Planning For Aquatic Renovation

Located along the southern edge of Oklahoma, the city of Ardmore’s only outdoor facility was a 50-yard rectangular pool without a wading pool. Years of use had caused visible deterioration in the pool and bathhouse, and previous improvements had only addressed the piping and filtration system, and not the facility’s lack of recreational amenities. As a traditional pool, the facility had little to offer beyond lap swimming and diving, and it no longer fit the demands of the patrons. The city wanted to improve the facility’s condition and enhance its limited recreation value, but could not afford a new pool. Instead, city leaders chose to evaluate the existing facility to determine its renovation potential.

Sound familiar? Growth in aquatic centers over the last decade continues to impact communities with aging pools. Attracted by thrill rides, fun features and other amenities, citizens choose to visit the newest pools, which have a negative impact on the surrounding outdated aquatic facilities.

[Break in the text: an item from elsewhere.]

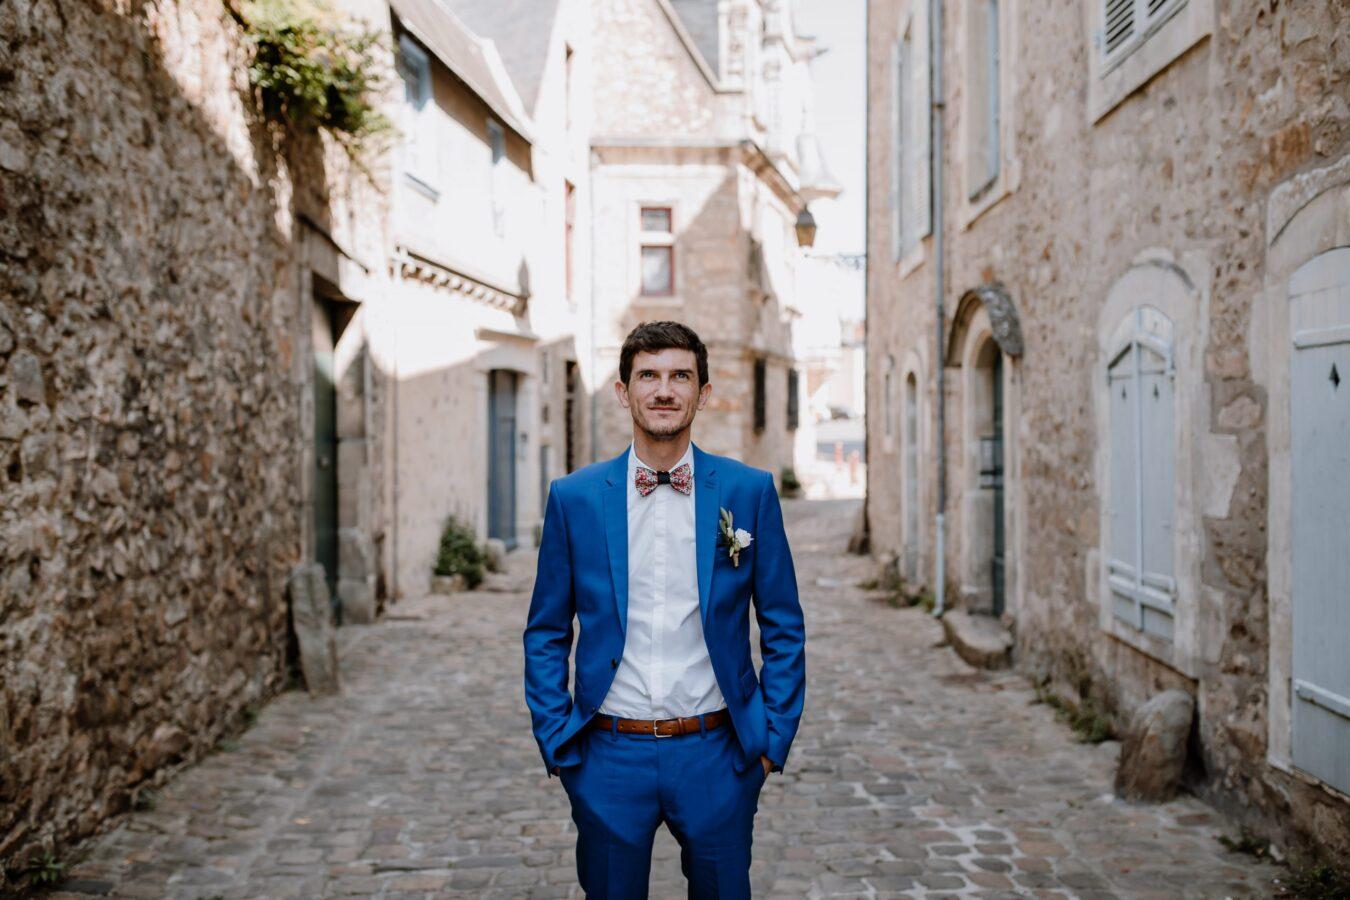 photographe-mariage-le-mans-civil-eglise-pas-cher-reportage-haras-potardiere-elise-ligneul

Unfortunately, many communities are unable to compete with these state-of-the-art centers. They face typical barriers, such as funding, higher community priorities and a general reluctance to put significant money into a new facility.

For communities in this budget-conscious category, planning for a pool renovation may be a realistic option to re-energize both the facility and attendance.

The Renovation Planning Process

While all pools are not suitable or feasible for renovation, there is a planning process that can help you understand a pool’s renovation potential, and give community leaders the information they need to make an informed decision:

Step 1: Identify The Project Goals

There are different goals a community may pursue when undertaking a potential pool renovation, but typically they include:

· Extending the life of the pool

· Adding features

· Increasing attendance

· Providing programs to the community

· Reducing risk

· Revitalizing the pool

· Fixing broken or damaged systems and structures

· Preparing the stage for a new pool in a growing part of the community

· Reducing operating subsidy

· Maintaining historical value

Leaders that spend the time to correctly identify the goals of their community build a strong foundation for the remainder of a project, so include the community in the entire planning process! Schedule and advertise open houses and public forums, and invite key community members for intimate focus groups, where you can encourage comments and drum up support for the project. The earlier you include residents, the more you incorporate their meaningful suggestions, the more probable your project will succeed.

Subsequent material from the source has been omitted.